It participates in Rho-GTPase signaling and is highly expressed on excitatory and inhibitory neurons during development.
Functional mutations in the GEF1 domain of TRIO are closely related to autism.
The core hypothesis of autism is excitatory/inhibitory imbalance: too many excitatory signals or too few inhibitory signals.
Clinical studies have shown that in patients with autism, there is a decrease in the number of mesenteric neurons in the cortex and hippocampus, and the expression of GABA receptors is decreased.
Although autism risk genes related to the GABAergic pathway have been identified, most studies have focused on GABAergic inhibitory neurons in the mature stage.
On May 7, 2021, the research team of Li Jun/Zhang Dai from Peking University Sixth Hospital published an article in Nature, revealing the mechanism of autism-like behavior disorder caused by TRIO, a high-risk factor for autism, by regulating the migration of mesenteric neurons during embryonic development.
.
After all Trio is knocked out, the number of embryonic inhibitory neurons that migrate from the ganglion uplift to the cortex is reduced, and the proportion of migration to the ventricular zone (VZ) and subventricular zone (SVZ) increases.
Behavioral experiments found that Trio heterozygous mutant mice showed severe social disorders, repetitive stereotyped behaviors and other autism-like behavior disorders in adulthood.
Trio knockout mice have abnormal migration of inhibitory neurons.
They further specifically knocked out Trio (Trio-Dlx5/6-CIE mice) on inhibitory neural precursor cells at the uplift of embryonic ganglion, and the number of inhibitory neurons was in The distribution of the entire brain area changed: the density of inhibitory neurons in the hippocampal DG area and mPFC brain area decreased, but there was no change in the somatosensory cortex, striatum, and amygdala.In addition, the distribution of inhibitory neuron subtypes such as calcium binding protein positive, somatostatin positive, and vasoactive intestinal peptide positive in the hippocampus and mPFC also changed.

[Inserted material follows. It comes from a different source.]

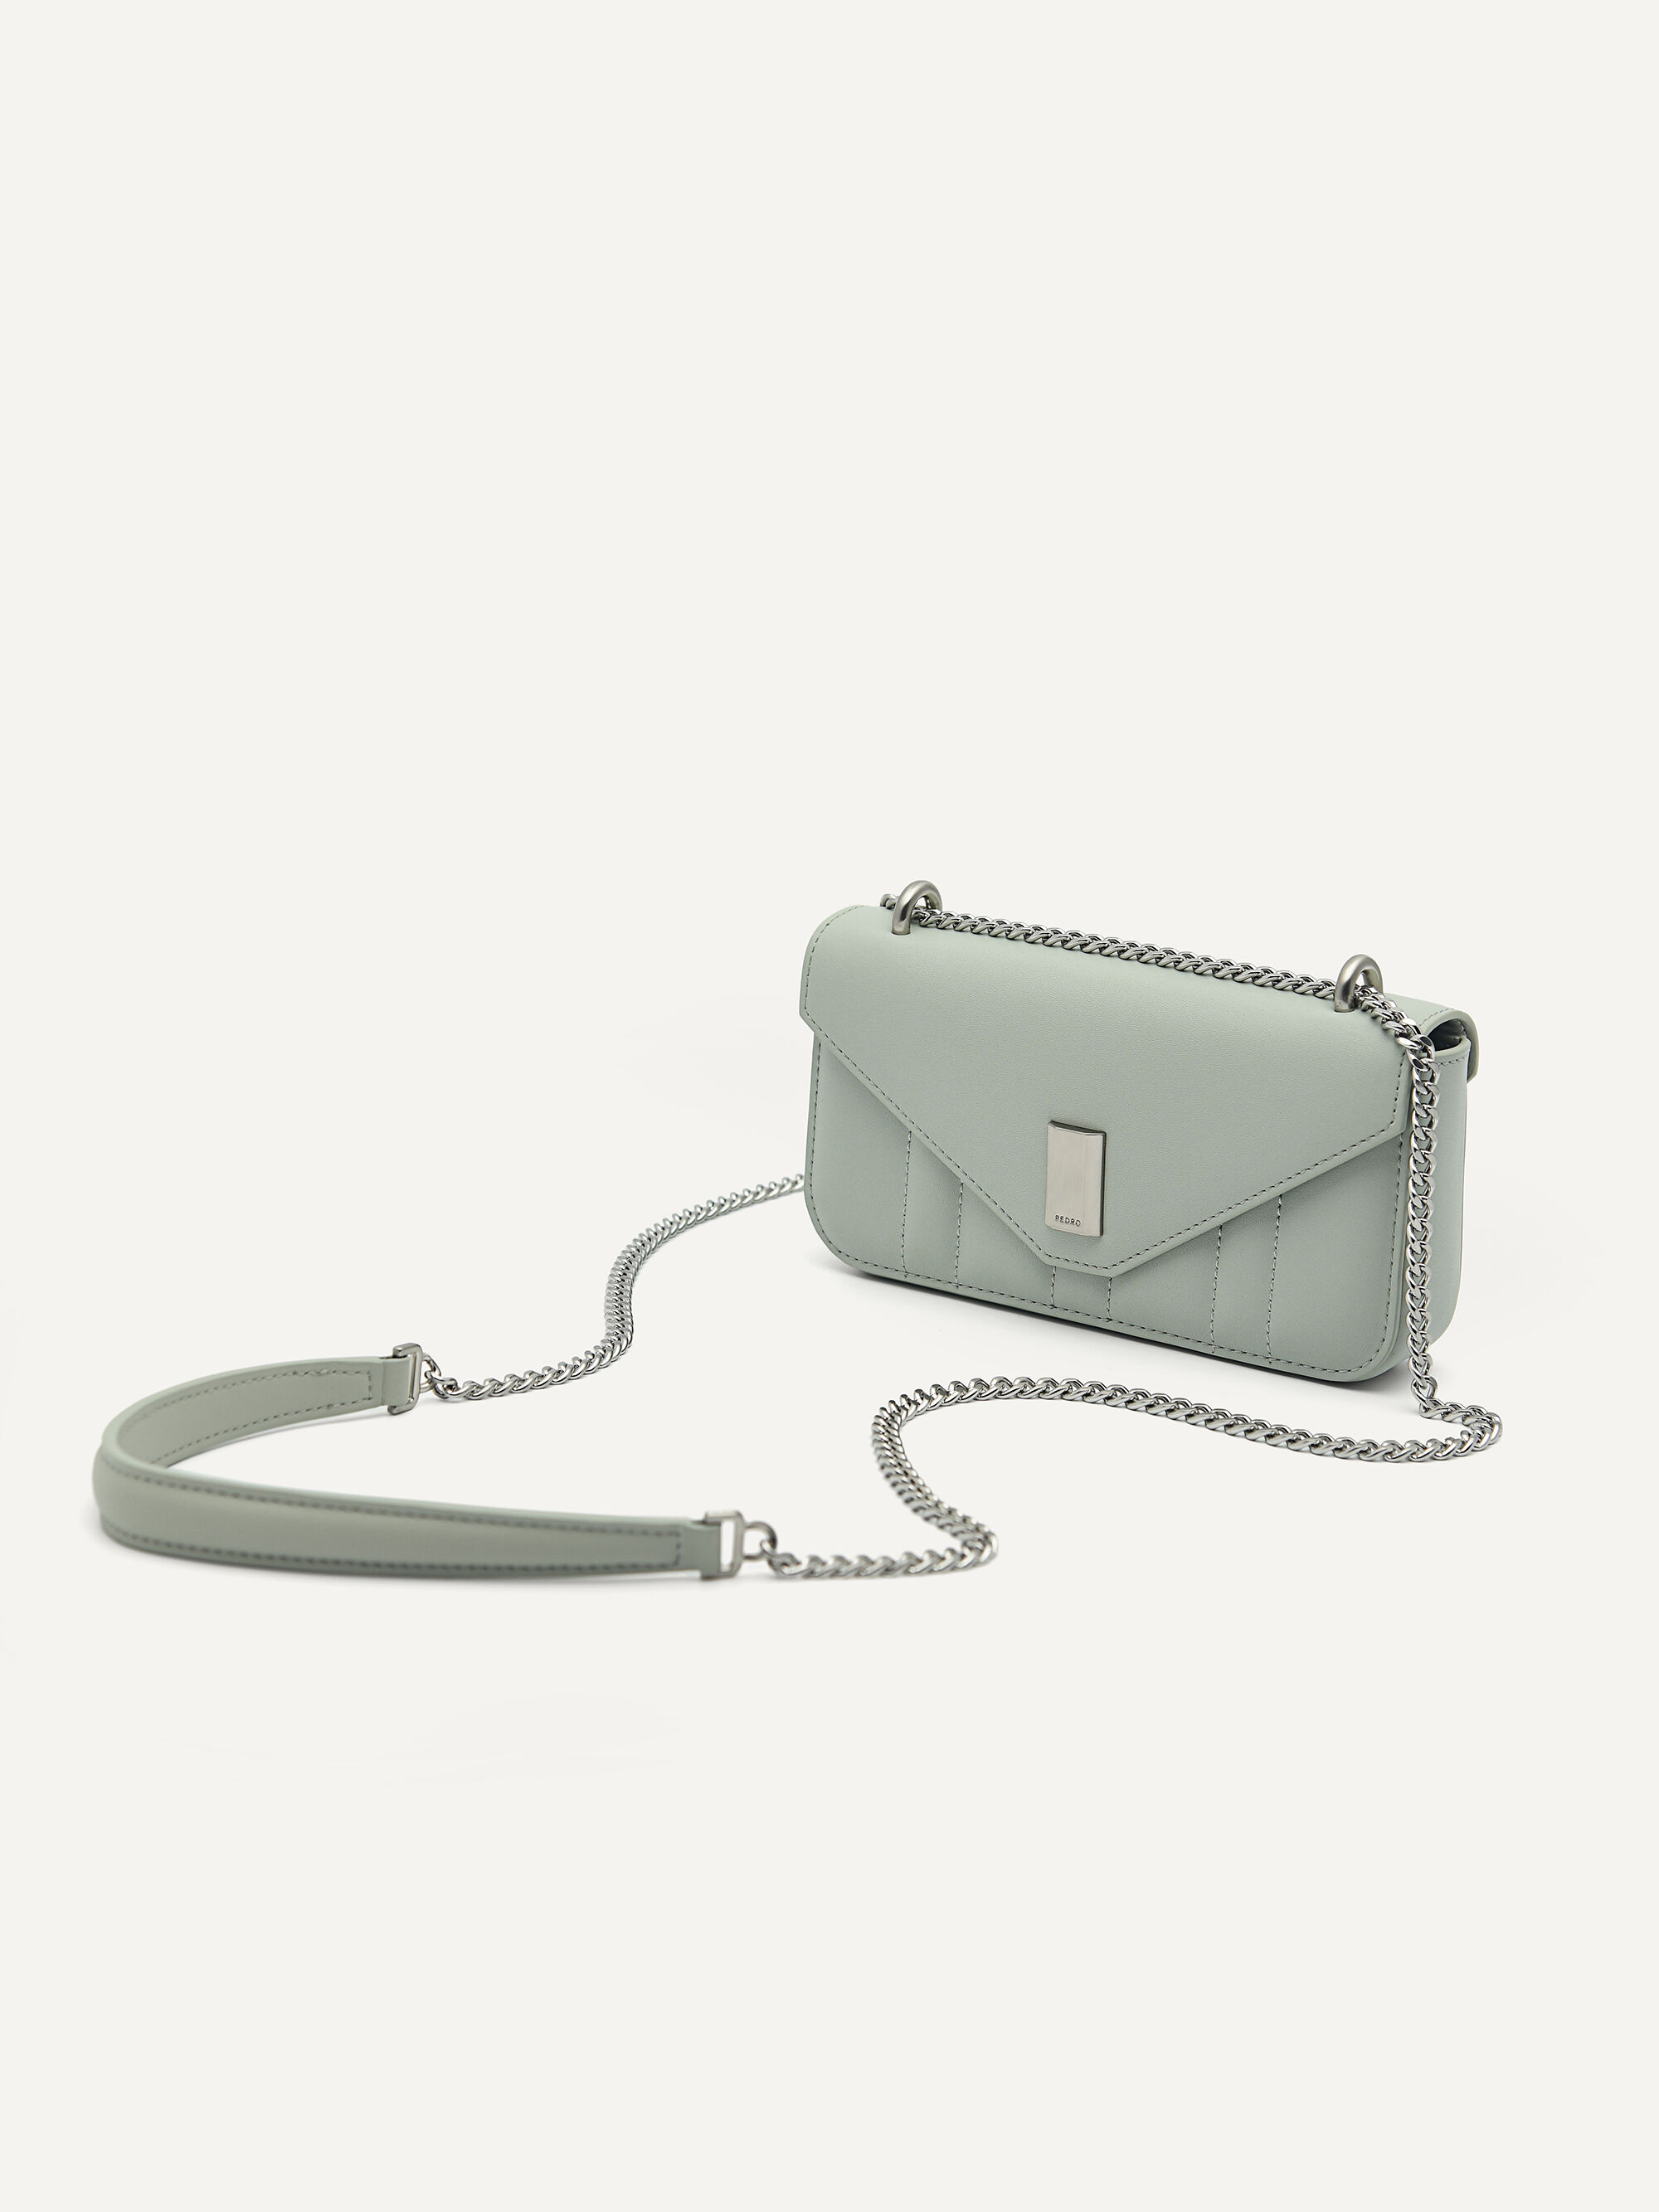 Leather Panelled Phone Pouch Bag - Light Green

This indicates that knocking out Trio on inhibitory neural precursor cells during the embryonic period caused abnormal migration of inhibitory neurons, specifically changing the distribution of inhibitory neuron subtypes and numbers in mPFC and hippocampal brain regions.
In addition, Trio-Dlx5/6-CIE mice had more branches of inhibitory neurons, but the total length of the branches was significantly reduced.
At the same time, the number of excitatory neurons and inhibitory synapses around the mPFC brain area was significantly reduced, but the number of excitatory synapses did not change.
Electrophysiological experiments also found that the tiny inhibitory postsynaptic currents of Trio-Dlx5/6-CIE mice were weakened, which indicated that there was an excitatory/inhibitory imbalance.
Like Trio heterozygous mutations, Trio-Dlx5/6-CIE mice also exhibit obvious autistic behavior disorders.
Most autism-related exon sequencing studies have shown that TRIO's GEF1 domain mutation is closely related to autism.
In order to further verify the association between TRIO’s GEF1 domain mutation and abnormal intermediate inhibitory neurons, the researchers constructed Trio K1431M mice, which completely replicated the characteristics of all-knockout Trio: abnormal migration of inhibitory neurons, tiny Inhibitory postsynaptic currents are weakened, excitatory/inhibitory imbalances, and autistic behavior disorders appear.
Intraperitoneal injection of low-dose GABA receptor agonists can alleviate the aforementioned autistic behavior disorders.
In summary, this article describes the excitatory/inhibitory imbalance mediated by intermediate inhibitory neuron migration disorders to regulate autism-like behavioral disorders from the perspective of embryonic development, and provides new strategies for the treatment of autism.
[References] 1.
https://doi.
org/10.
1038/s41380-021-01109-x The pictures in the article are all from the references
It participates in Rho-GTPase signaling and is highly expressed on excitatory and inhibitory neurons during development.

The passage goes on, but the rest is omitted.